The book is a delight, and I love the characters moving in and out of multiple plot lines throughout Elly’s life. With periodic flashbacks, you are able to understand Elly as she is today and how she got that way without feeling like it’s being simply told to you. Elly herself is a delight. You want to root for her, as clumsy and socially awkward as she sometimes is, even though she makes choices that make you want to look away from the train wreck. Being discovered by her tour group lost in a winery drinking from the cask is just one of the cringingly hilarious scenes.
And yes, Elly is plump. Nowhere, not on one page, is there ever the mention or suggestion that Elly losing weight will change her life or make everything perfect. There is no diet or “cure” for her curves that will solve all that ails her, and I love that. You can see early in the book that Elly has a fairly unhealthy relationship with her ex-husband and that she never felt worthy of him, an artist who she supports financially. Watching her grow – slowly – throughout the book is a treat.

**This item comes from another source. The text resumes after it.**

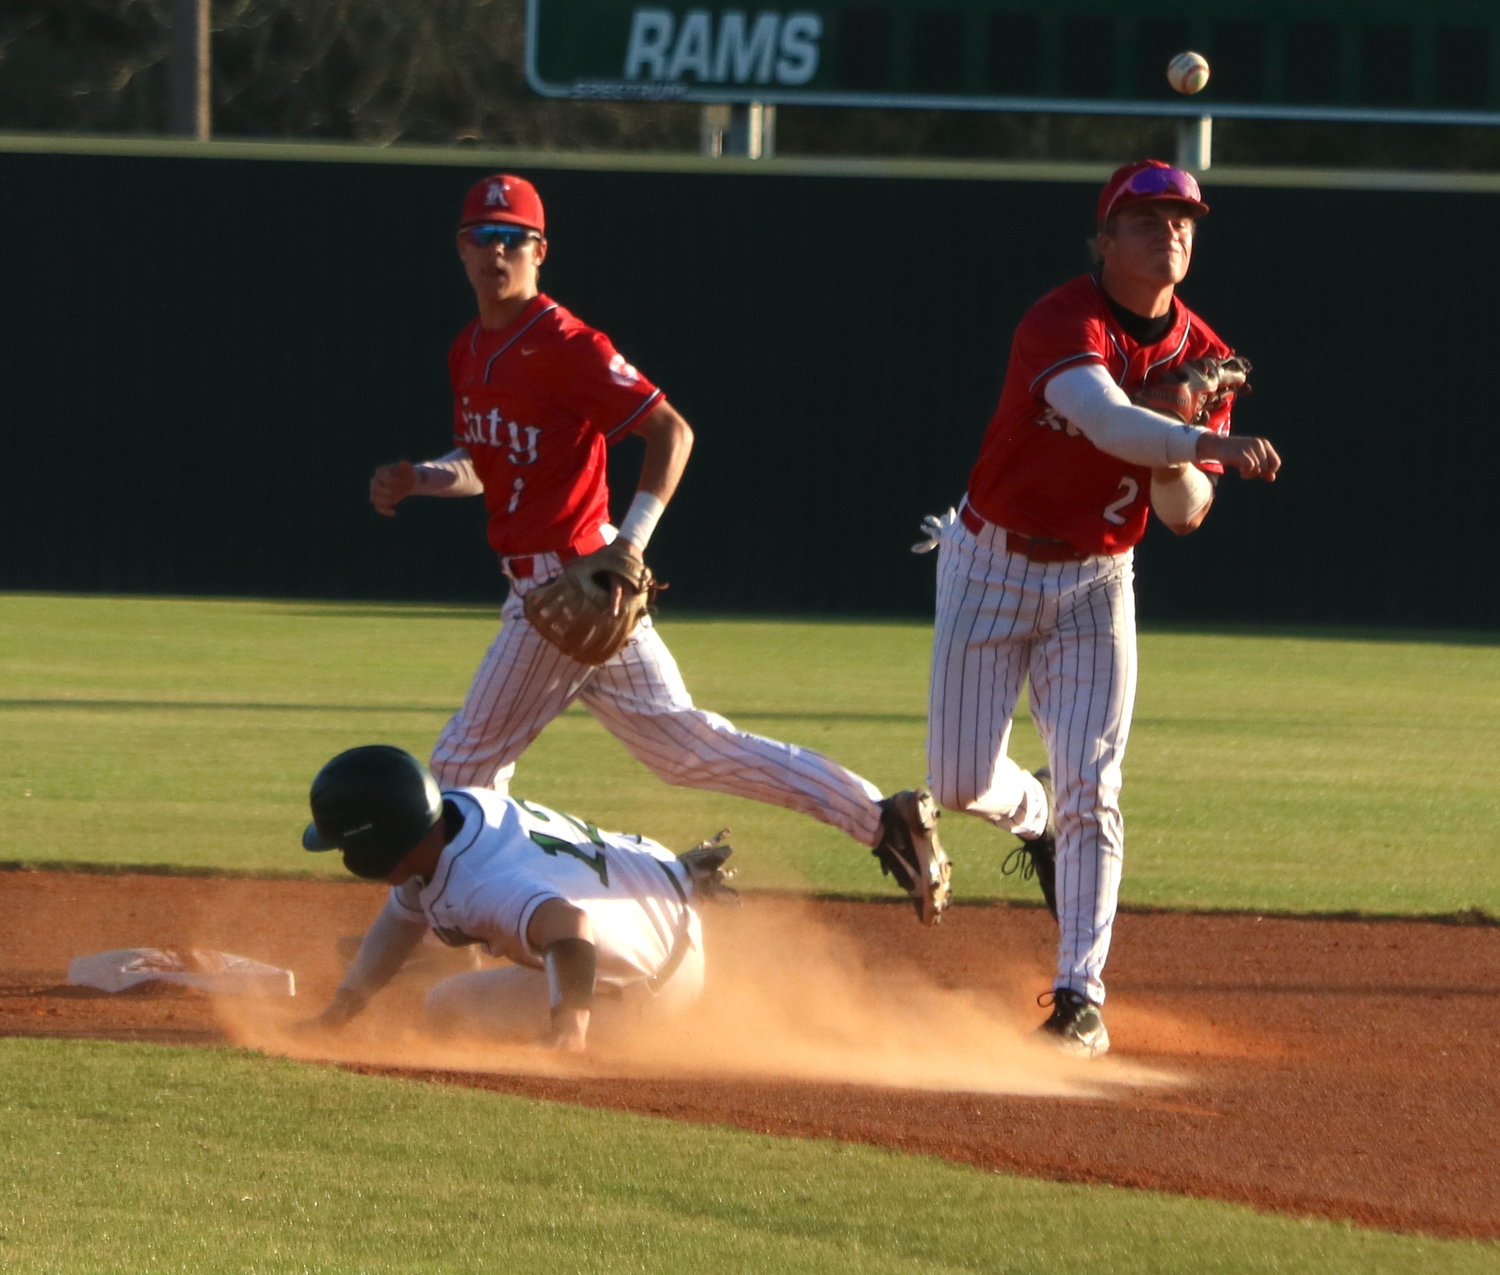 Parker Kidwell attempts to turn a double play during Tuesday’s game between Katy and Mayde Creek at the Mayde Creek baseball field.

With all the pitfalls and foibles that each character has, the book becomes a pleasant and fun reflection of our own lives, from the safe distance of the pages, of course. The characters are a hoot, although the snooty wedding planner Lizette is a little over the top even for the charicature she is meant to be. I adore Keith, the sandwich shop owner who lives next door, and Snarky Teenager – who has no other name in the book – is endearingly obnoxious, the kind of person I wish I had the confidence to be at her age.
This is the first novel by Colleen Oakes, and it’s no surprise that there will be a follow up novel Elly in Love coming next spring. You can bet that I’ll be reading it!
Written by Michelle who is grateful that her life is filled with none of the drama of Elly’s, as exciting as it is. See what does fill her days as she shares them on her blog Honest & Truly! or follow along with her on Twitter where she is also @HonestAndTruly.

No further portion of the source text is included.